Как прекрасна земля, как хорошо вечером услышать издали песню у пруда, где собирается молодежь! Как хороши голоса детей, которые далеко разносятся под сводами старых деревьев, стоящих, как патриархи, охраняя наши деревни! Как хороши наши большие города с их бесчисленными огнями, которые вечером похожи на опрокинутое небо! Но знаешь, мой друг Нигяр, эти большие города, полные огней и шума, как корабли, окружены тихим и темным океаном нищих полей.

Я много передумал за время своего странствия. Народ живет в другом веке, чем мы, интеллигенция. Там такой быт и нравы, что чем больше их наблюдаешь, тем яростнее ширится чувство негодования и возмущения. Люди существуют, но не живут. Представь себе человека, который никогда не бывает сыт; ему надо накормить большую семью, и он никогда не может ее накормить; он работает день и ночь круглый год и не имеет денег на новую одежду, не имеет жилья, которое он мог бы назвать своим домом. Он обогащает своих хозяев и ничего не получает, кроме жалкого пропитания, держащего его на краю голодной смерти. Если он умирает, его смерть, как смерть падающего с дерева листа, так же незаметна никому. Он знает все ремесла, — но все, что он делает, уходит в руки других; он выращивает рис и пшеницу — все это отбирается у него; он выращивает джут и хлопок — и на его трудах богатеют другие. Он делает все, чтобы жизнь была лучше, — но другие получают от этого все выгоды, а он умирает на голой земле, истощив свои силы. Это наш крестьянин. Глиняные мазанки, откуда смотрят глаза всех болезней; туберкулезные юноши, малярийные старики, дети, у которых глаза закрыты серым туманом трахомы; соломенные хижины, где хозяйствует горе; умирающие на улицах городов дети, нищие и беженцы, до сих пор не могущие понять, что с ними случилось и почему кровавая буря пронеслась над их головами!..

Сколько горя, как все неустроено! Ты знаешь, я был ночным сторожем.
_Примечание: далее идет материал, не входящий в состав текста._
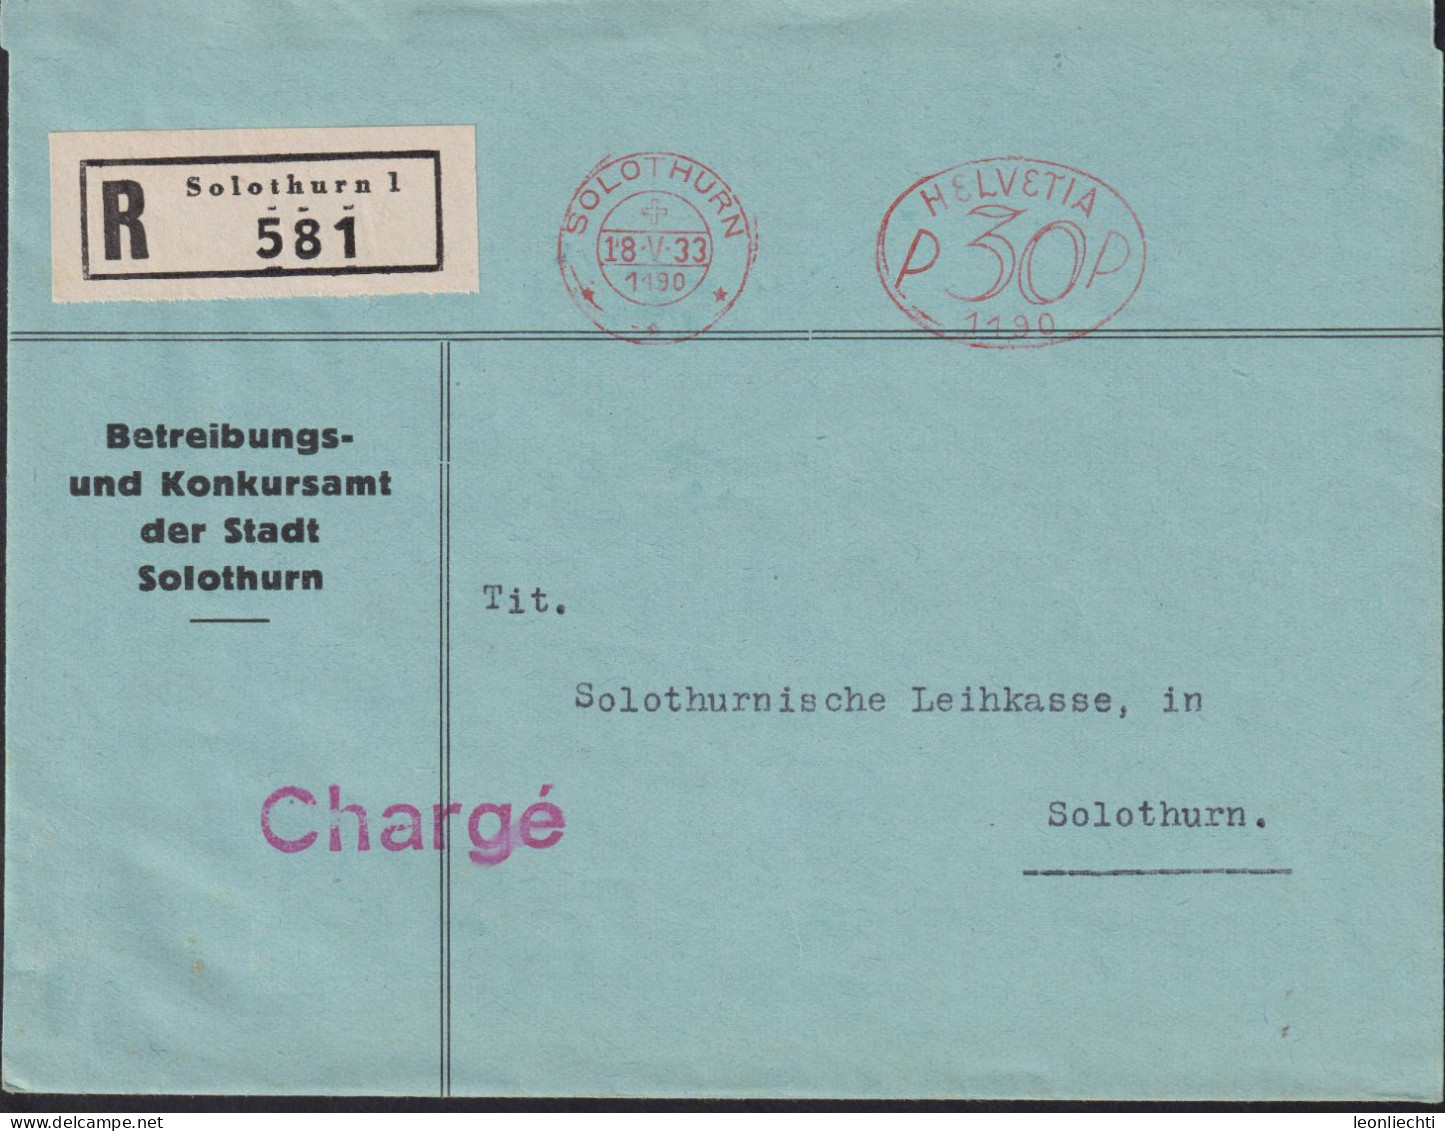 1933 Schweiz, R-Brief (FraMA)  Solothurn + HELVETIA P 30 1190, Betreibungs U. Konkursamt Der Stadt Solothurn - Affranchissements Mécaniques
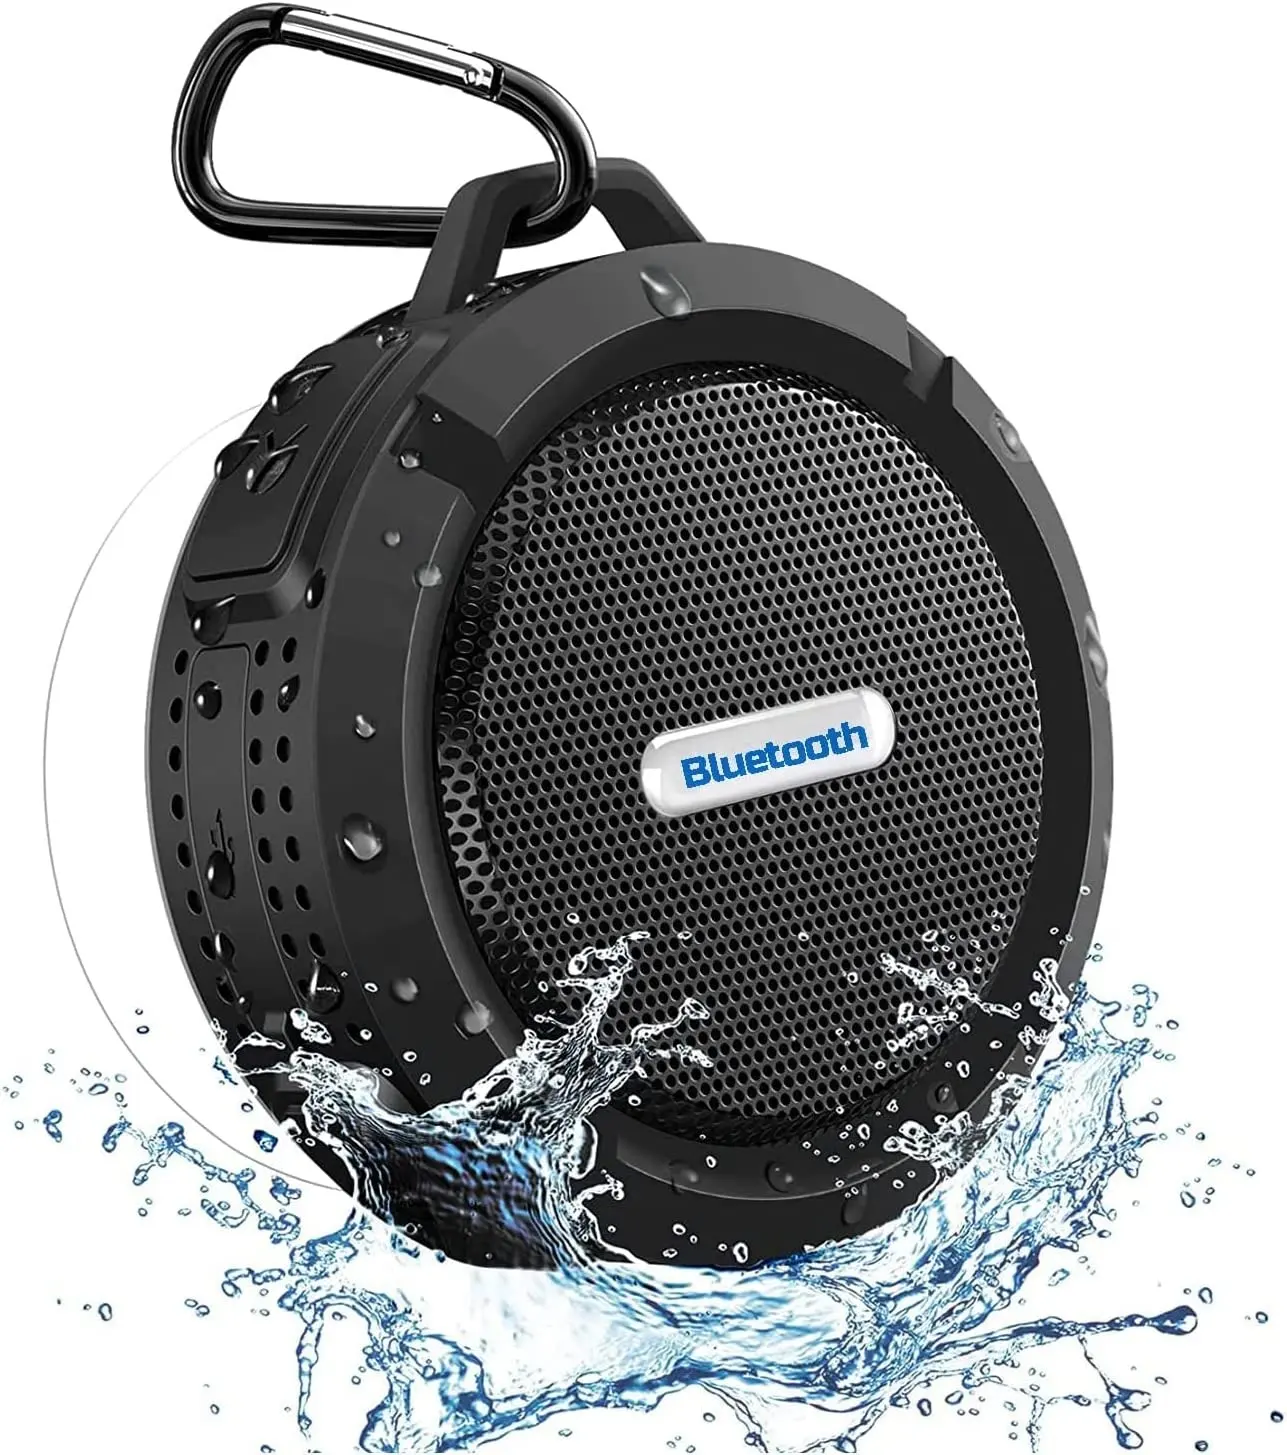 Mini Douche Speakers, Ip65 Waterdichte Bluetooth Draagbare Speakers En Echte Draadloze Stereo En Dsp Technologie, 6 Uur Afspelen

Да, в одном месте мы встретили ночью человека, который падал от усталости. Этот человек очень нуждался. Чтобы не попасть, как муха, в паутину ростовщика, он пошел к своему помещику и за долг должен был сторожить его владения ночью, пока не вернет долга. А днем он работая в саду, который сторожил ночью. Он давно уже не знал, что значит сон. Я уговорил его поспать. И пока он спал целую неделю, я сторожил сад помещика. Но я был рад, что этот человек выспался, может быть первый раз за всю свою жизнь.

Я видел, как управляющий ударом ноги свалил на землю крестьянина, робко умолявшего его о сложении недоимки. Я хотел вступиться, но крестьянин просил меня не делать этого, так как тогда управляющий его убьет. Так было день за днем.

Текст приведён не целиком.